Patron ile şimdiye kadar diyalog kuramadıklarını belirten ve müzakereye açık olduklarını dile getiren Kocagöz, “Taleplerimizin yerine getirilmediği sürece mücadelemiz devam edecek. Agrobay Seracılık önünde çadır kurduk. Bugün mücadelemizin 30. günü” diye konuştu.
“AGROBAY’IN NASIL BİR ŞİRKET OLDUĞUNU TÜM DÜNYA’YA GÖSTERMEK İSTİYORUZ”
Mücadele kararlılığını vurgulayan Kocagöz, açıklamanın konsolosluk önünde yapılma gerekçesini de “Burada bulunmamızın sebebi şu. Bir muhataplık alana kadar ve bu sorun çözülene kadar biz, Agrobay şirketinin nasıl bir şirket olduğunu, tüm dünyaya göstermek ve anlatmak istiyoruz” sözleriyle açıkladı.
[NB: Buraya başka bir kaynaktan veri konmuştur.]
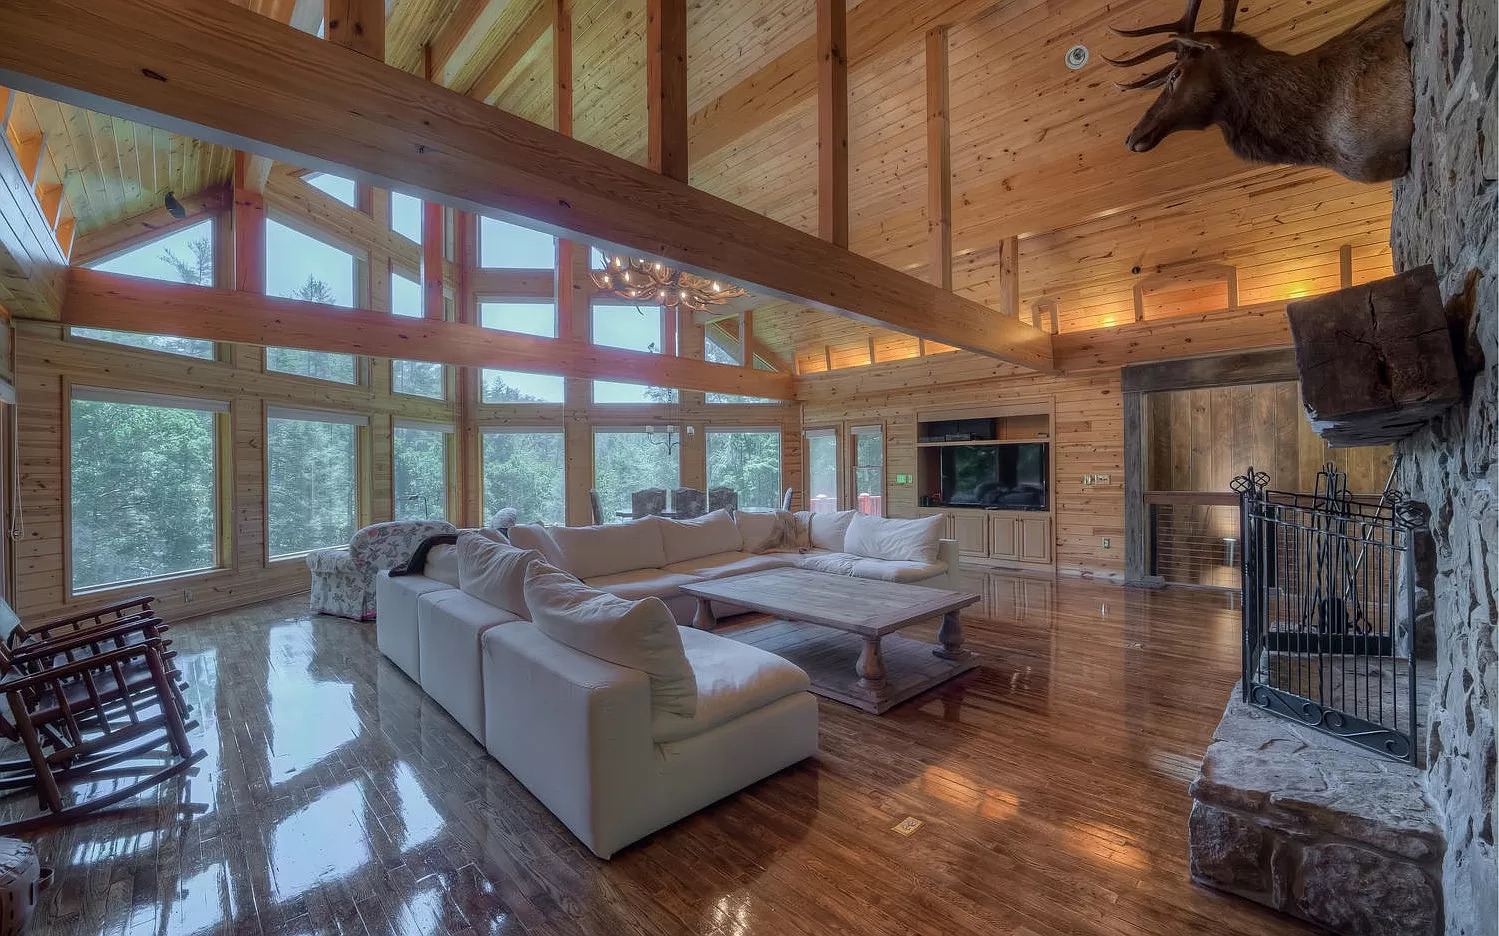 A large cabin living room with wood floors

Alman Konsolosluğu önündeki açıklama sona erdikten sonra Agrobay işçileri, konsolosluğa sundukları dosya ile Alman tedarik zinciri yasasının uygulanmasını talep ettiler. Ardından İstiklal Caddesi’nde bulunan Rus Konsolosluğu önünde açıklama yapmak isteyen işçiler polis tarafından engellendi. İşçiler Odakule’de açıklama yapmak zorunda kaldılar. Basın açıklamasının ardından Agrobay işçileri barikatlarla çevrildikten sonra dilekçelerini Rus Konsolosluğu’na iletti. Bu sırada basın emekçilerinin konsolosluğa girmelerine izin verilmedi.